NHS Voices blogs

NHS Reset: The value of public scrutiny in resetting the NHS

NHS Reset is a new NHS Confederation campaign to contribute to the public debate on what the health and care system should look like post-COVID-19.
Ed Hammond

28 May 2020

In this blog, part of a series of comment pieces from NHS Confederation leaders, members and partners, Ed Hammond explores why confronting uncomfortable truths is a necessary first step towards designing new approaches in the post-COVID-19 world. 

Even as we are managing and dealing with this immediate COVID-19 crisis, we need to take the time to understand how we will want to work and relate to one another after it has begun to recede. NHS Reset forms part of the conversation and tallies with our thinking at the Centre for Public Scrutiny about what the future might hold – and about how this crisis can, and should, cause us to question some of the assumptions and certainties which we used to hold about the structures and systems, and the associated governance, within which we work. 

As an organisation, our preoccupation is governance, and the vital role it plays in improving outcomes and the behaviours and attitudes which influence good governance. Before the crisis hit, the NHS was already in the middle of undertaking the most recent in a series of substantial governance shifts with the development of integrated care systems (ICSs). The question is whether these new governance models are fit for purpose in the world post COVID-19.

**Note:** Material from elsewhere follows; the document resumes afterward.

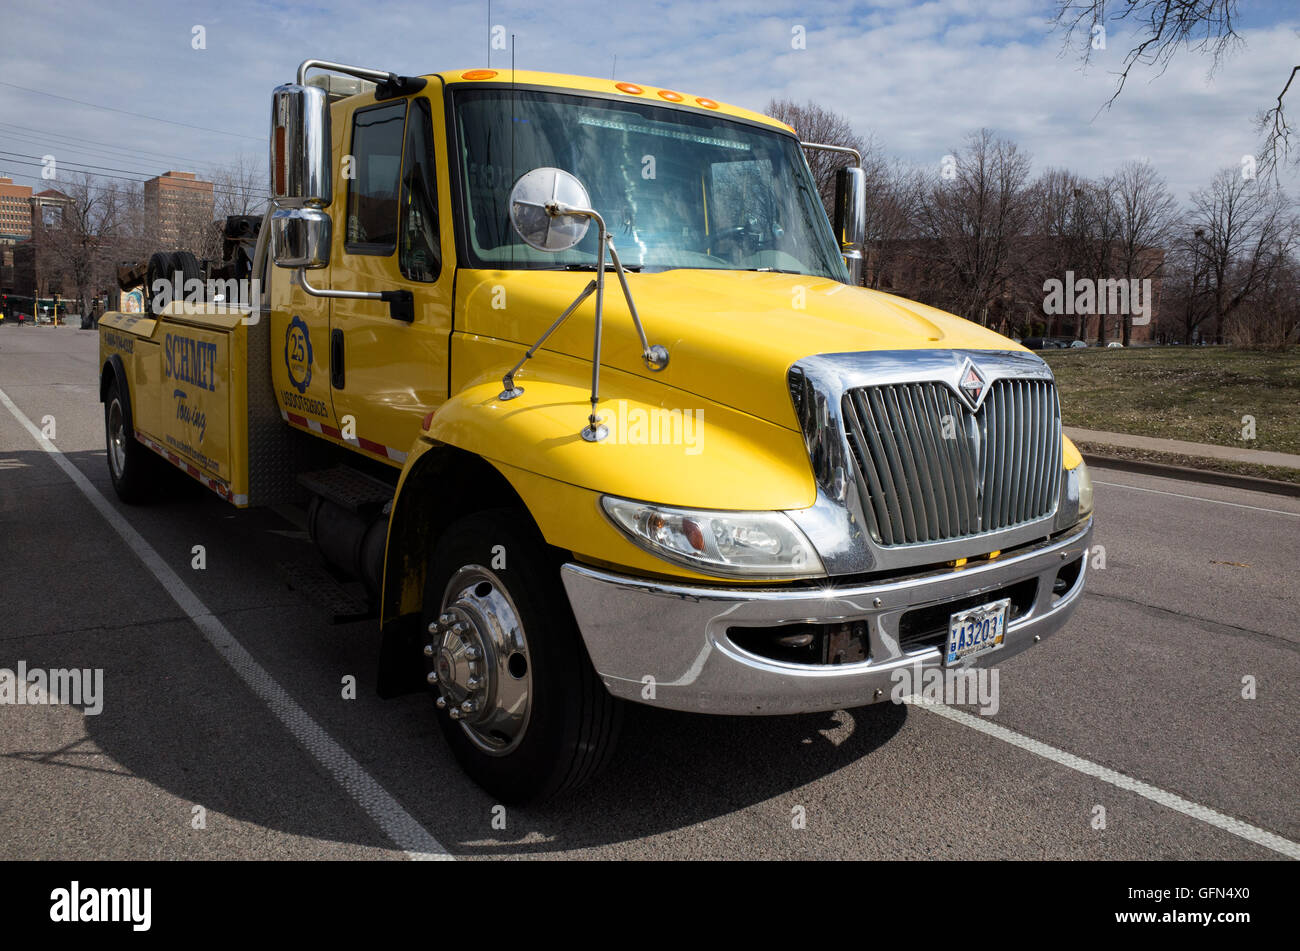 Retrato de un macho amarillo prístino Tow Truck publicidad 25 años de "Remolque hmit'. MN de Minneapolis, Minnesota, EE.UU. Foto de stock

Our immediate difficulty in answering this question lies in understanding what that world will look like. Will it be one where our action on COVID-19 leads us to conclude that a centralised, national approach makes us more resilient and better able to cater for people’s needs? Or might it teach us that a more distributed, localised approach is likely to look more effective?

In order to answer this question we will need perspectives. Those of us who are professionals – in whatever sector we work – will come to our work with that professional perspective. It will be partial and incomplete. The views of those in other sectors, and working in different contexts, are likely to be different because their perspective on this crisis will also be different. The crisis will look and feel profoundly different for those working in acute care, to those in primary care and those involved in the operational delivery of social care – either in people’s homes or in a residential context.

We need a way to gather and reflect on these different perspectives. For most, there will be a form of operational debrief of the crisis once it has begun to recede – but it would be a missed opportunity if we were not to integrate some of this future-gazing into that exercise. One of the shortcomings of the way that we have sought to understand previous crises is that our reflection of them has tended to be highly operational in nature – did the resources go the right way at the right time? Did we make decisions in the right way? These encourage us to second-guess past actions and can quickly become a blame exercise, rather than to learn lessons and design different approaches. 

What we will need to ensure is that a debrief process is designed to force us to confront uncomfortable truths about how we thought the world ought to be, and to compel us to design new approaches which may well need to look very different.

At the moment, though, we need to recognise that just as we might want to lift our sights to create a future which looks very different to what we have now, we will also feel a pressure to return to “business as usual”. It will feel attractive to slip back into old certainties, to work within familiar systems and to carry on with work which, we can tell ourselves, was merely “interrupted” by the crisis. The challenge is to make sure that we don’t do this – however tempting it will be.

How, then, do we have these conversations? Mutual challenge between partners is a good place to start. NHS Reset is leading the way here. Partners must, however, be drawn from a wide spectrum, reflecting the way the public now want to live their lives and access public services. It should include local government – in public health, social care but also in the wider spread of services provided by councils. Partners in other critical services and in the voluntary sector. Local people whose voluntary activity, street by street, will have given them a new insight into the lives and needs of their neighbours. In the past we have – rather clunkily – “consulted” with these people on our objectives but the first step needs to be to recognise that a more responsive health service requires more candour and frankness – and for us as professionals, more uncertainty.

Those in leadership and governance roles will have to create space for that uncertainty and the competing priorities and tensions that arise from it. It will involve using our collective resources as professionals to convene debate and discussion, rather than to create and implement plans in the way that we used to. In our local government work, this space of contention is one in which local elected councillors operate. They could well be your close partners as you come to understand and interact with this new world. 

The good news is that the structure of the ICS agenda does provide us with the framework for this rethink and reset – in priorities and relationships. But that structure can only take us so far. We also need to commit to the behaviour change necessary to shift our mindset and approach. That will not happen naturally. We hope that NHS Reset can be used as a tool to shift our collective assumptions about the form and practice of governance, about the nature of leadership, about the relationship between local and national power and about the way that the services we provide reflect the needs of people’s lives.